:: COLLECTED MATERIAL

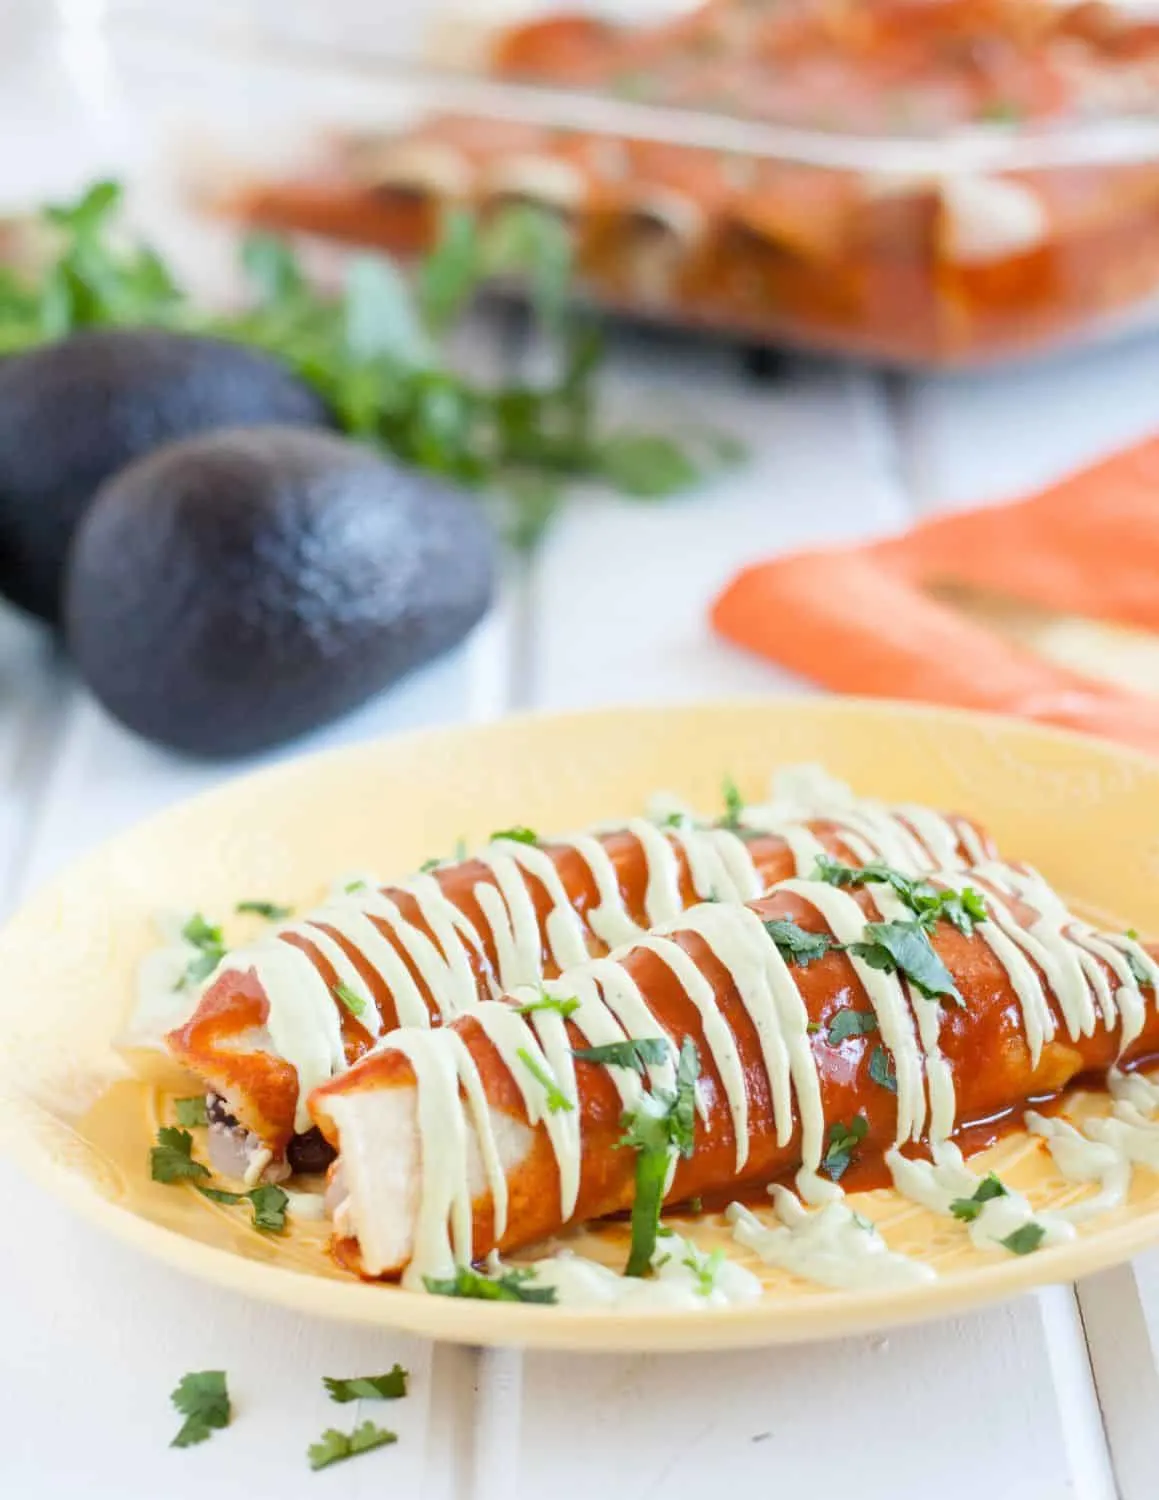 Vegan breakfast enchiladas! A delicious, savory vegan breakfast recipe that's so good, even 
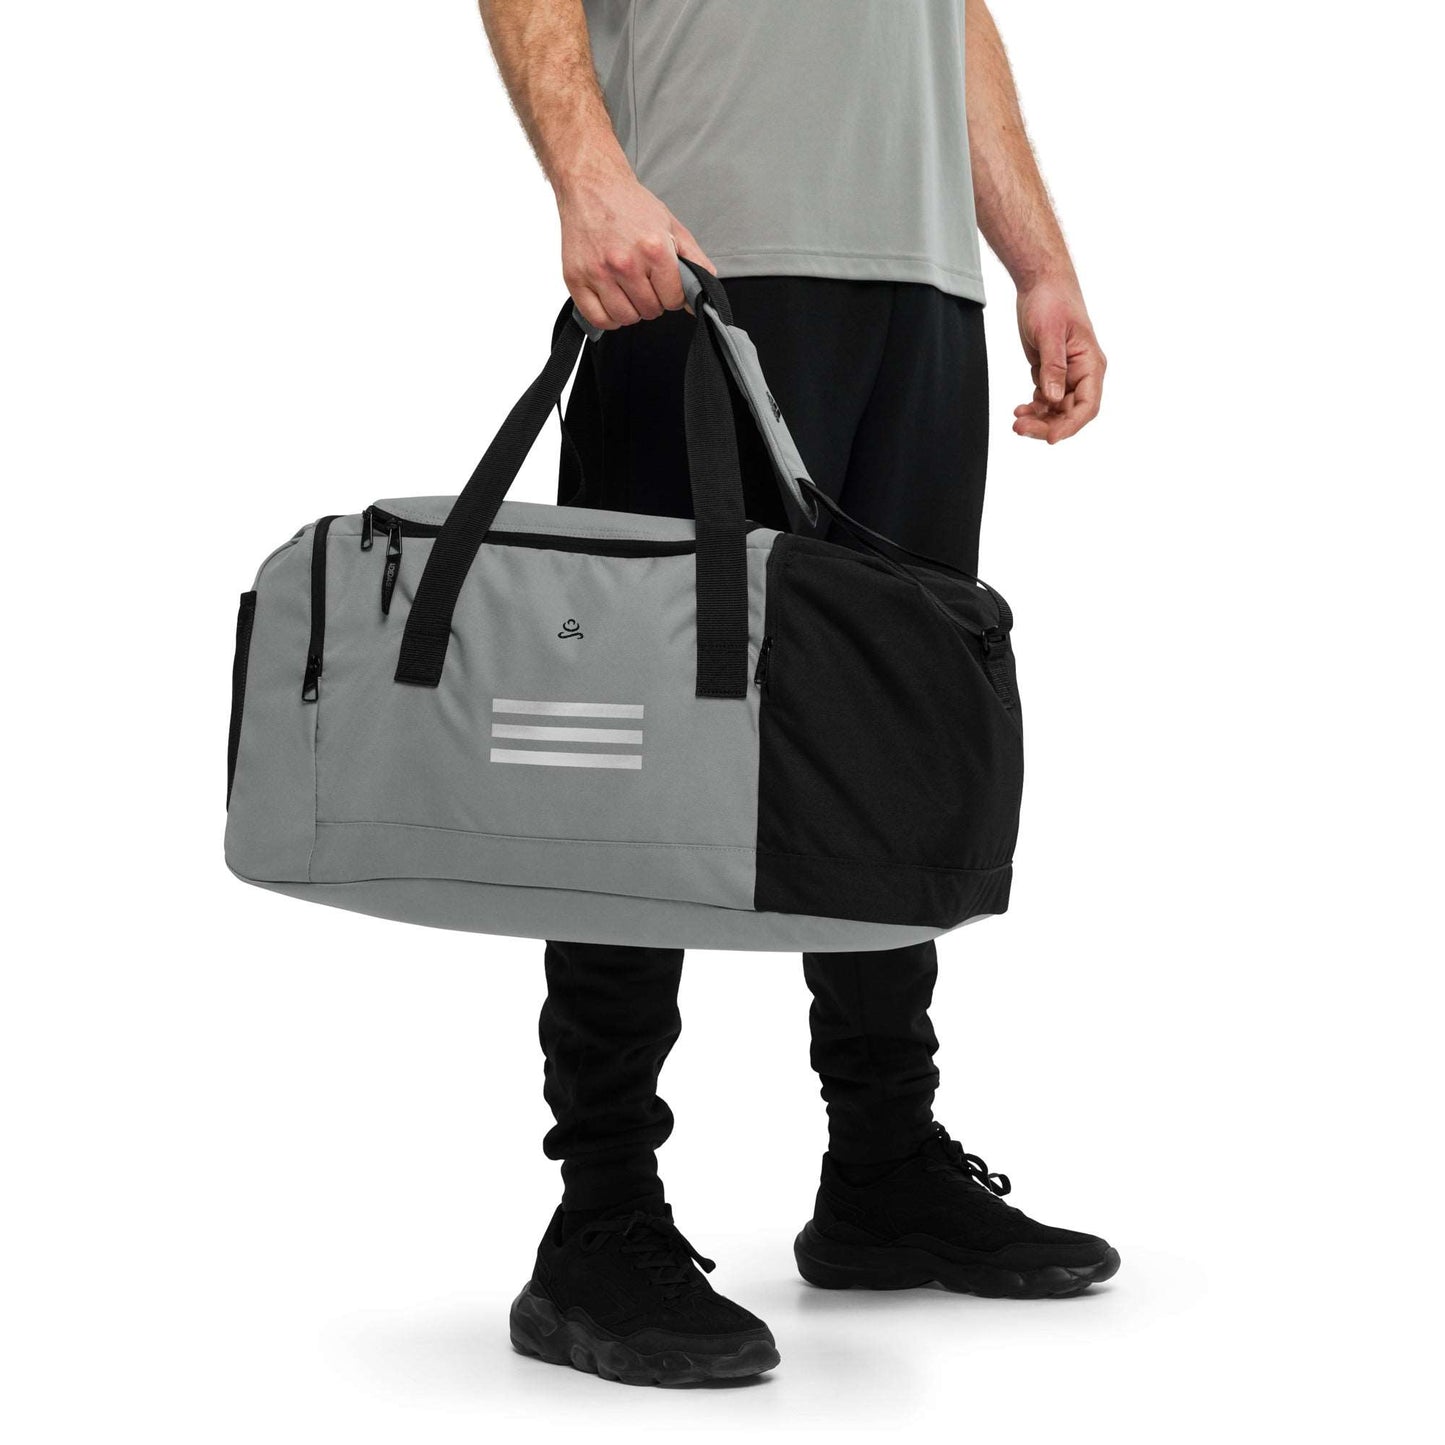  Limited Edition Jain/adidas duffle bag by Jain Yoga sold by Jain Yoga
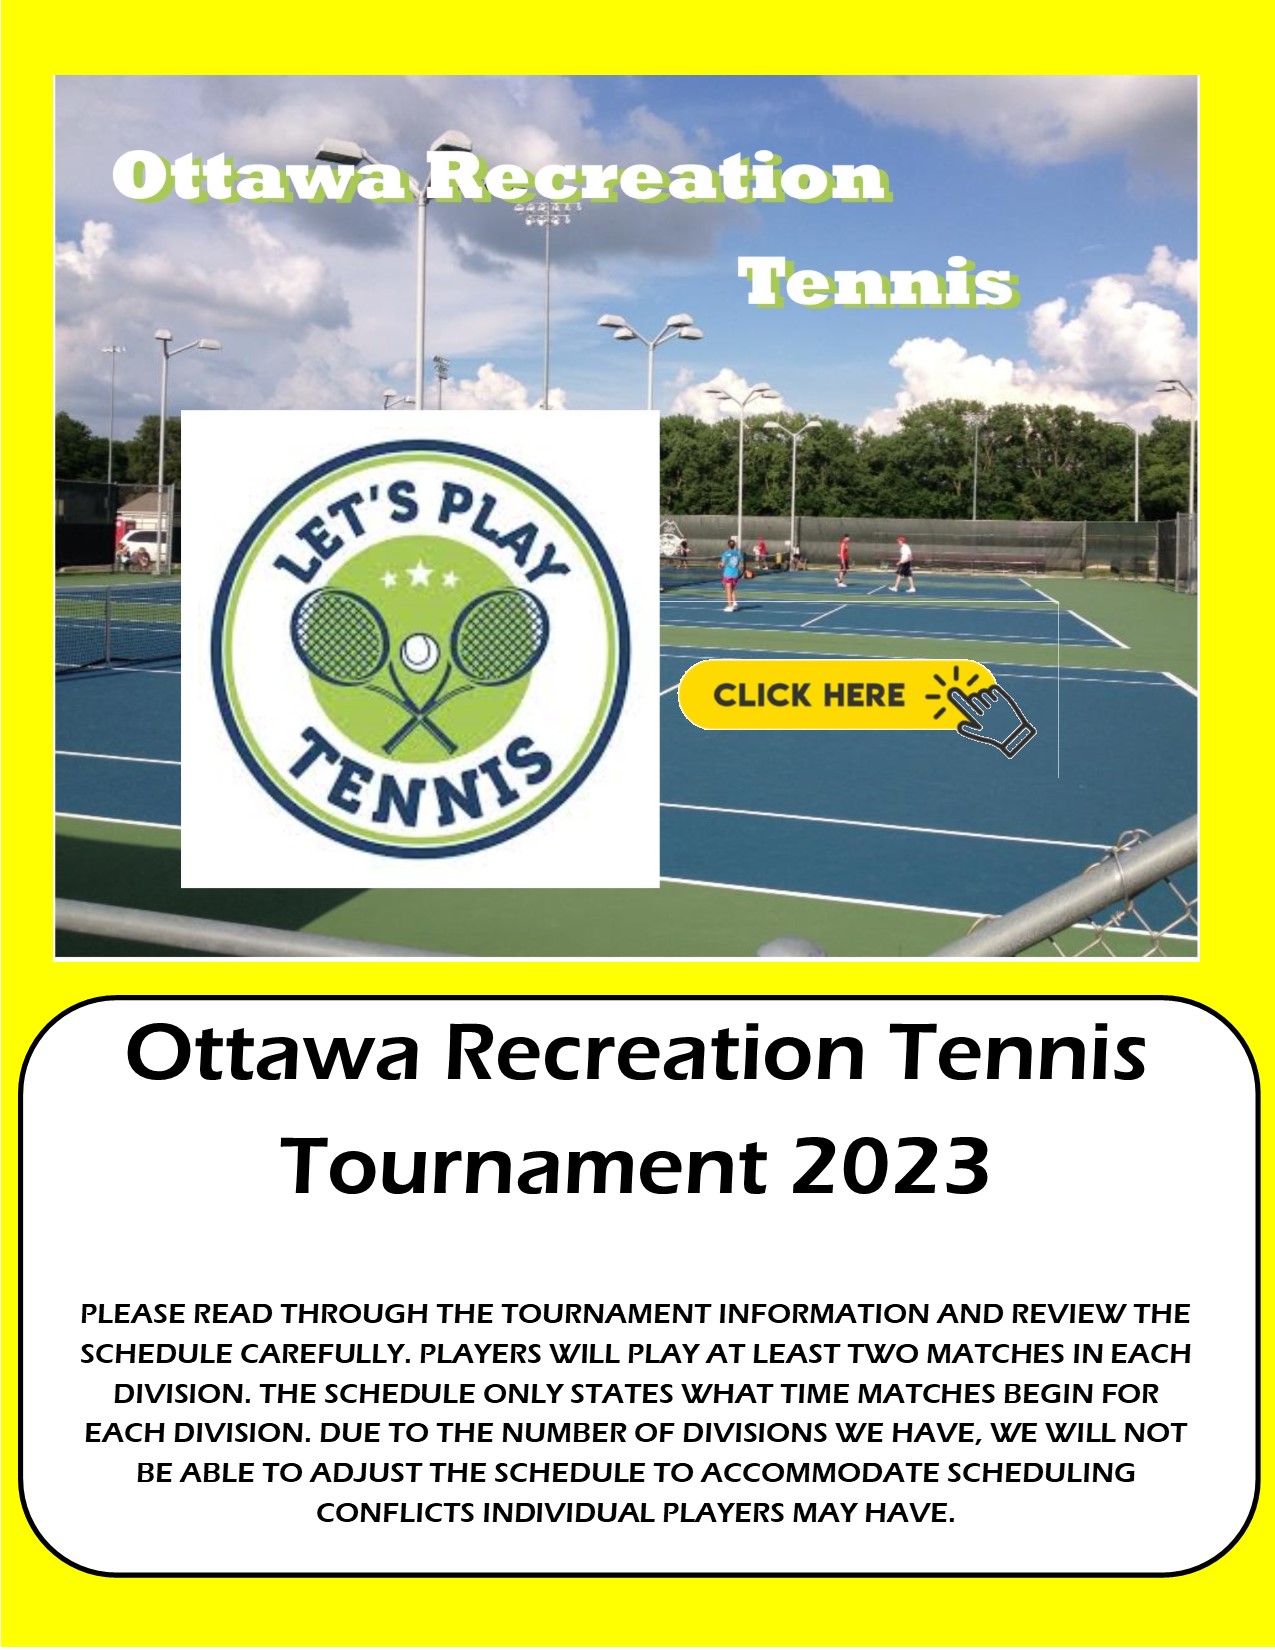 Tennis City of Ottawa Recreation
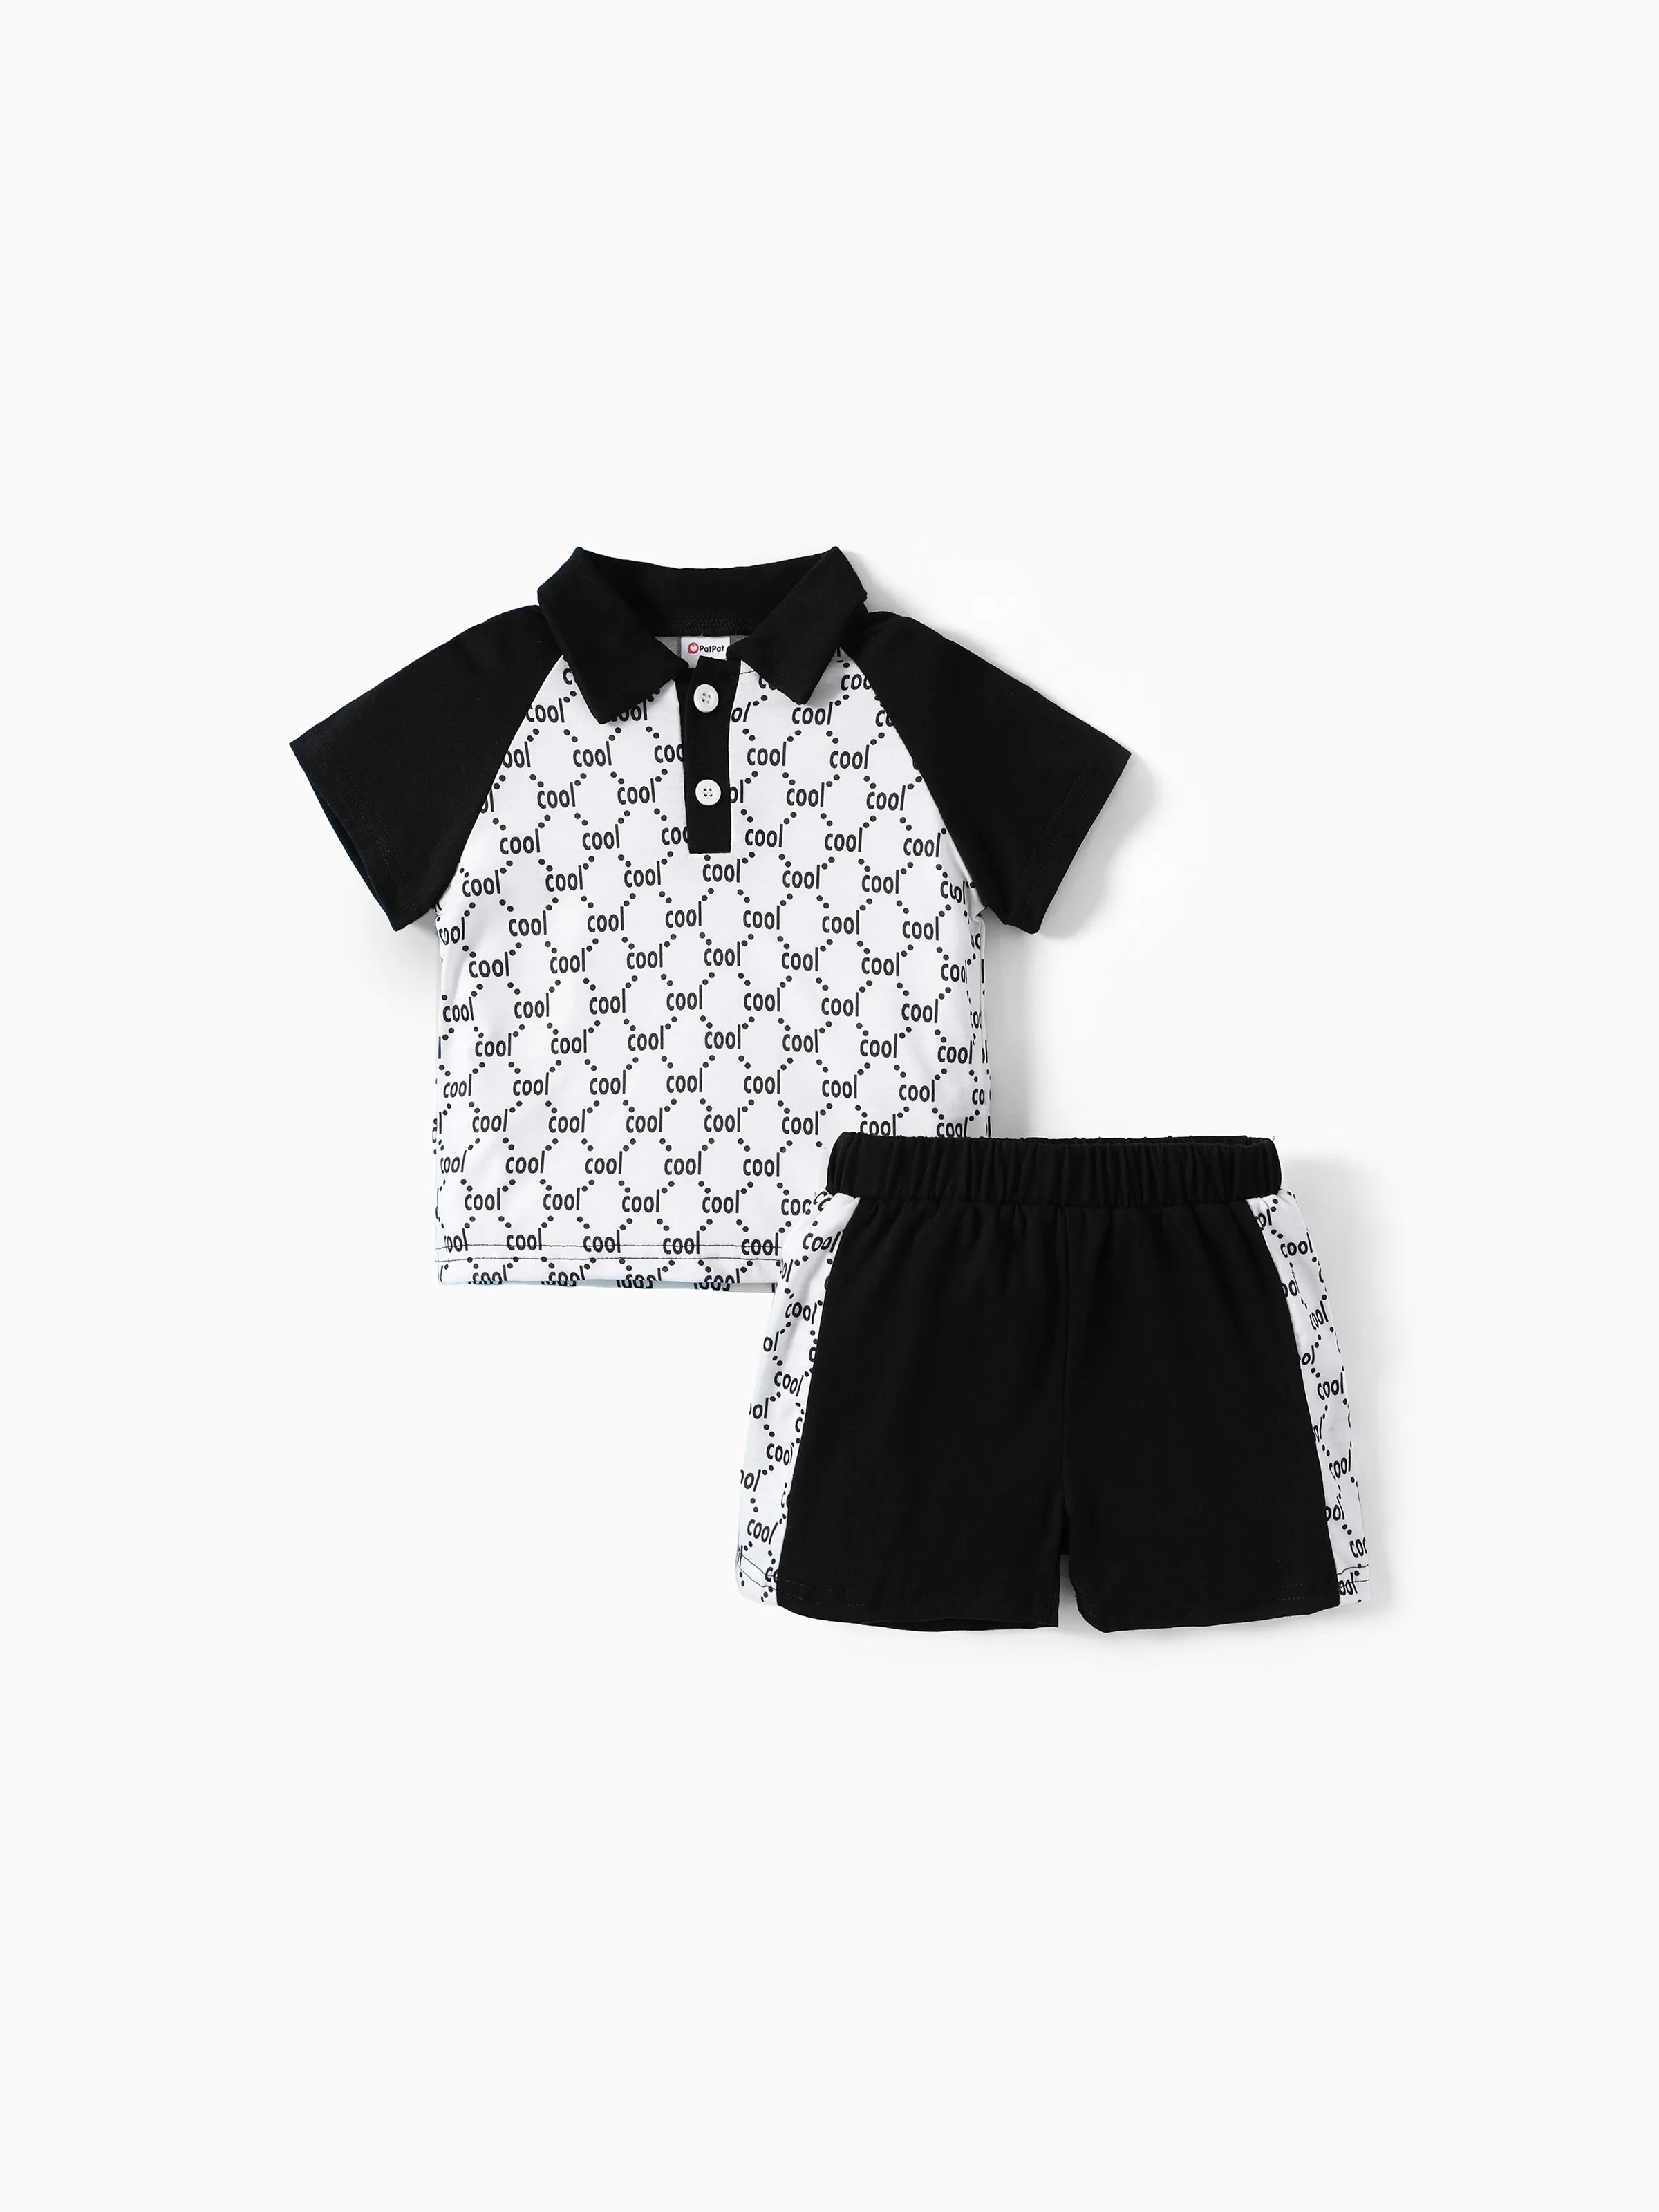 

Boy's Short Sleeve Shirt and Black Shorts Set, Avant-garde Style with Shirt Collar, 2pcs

::::

▶ TASK BRIEF
Return the listing exactly as it appears, excluding any image.

▶ ANSWER BOX
 Vegan breakfast enchiladas! A delicious, savory vegan breakfast recipe that's so good, even 
  Limited Edition Jain/adidas duffle bag by Jain Yoga sold by Jain Yoga
 Tennis City of Ottawa Recreation

Boy's Short Sleeve Shirt and Black Shorts Set, Avant-garde Style with Shirt Collar, 2pcs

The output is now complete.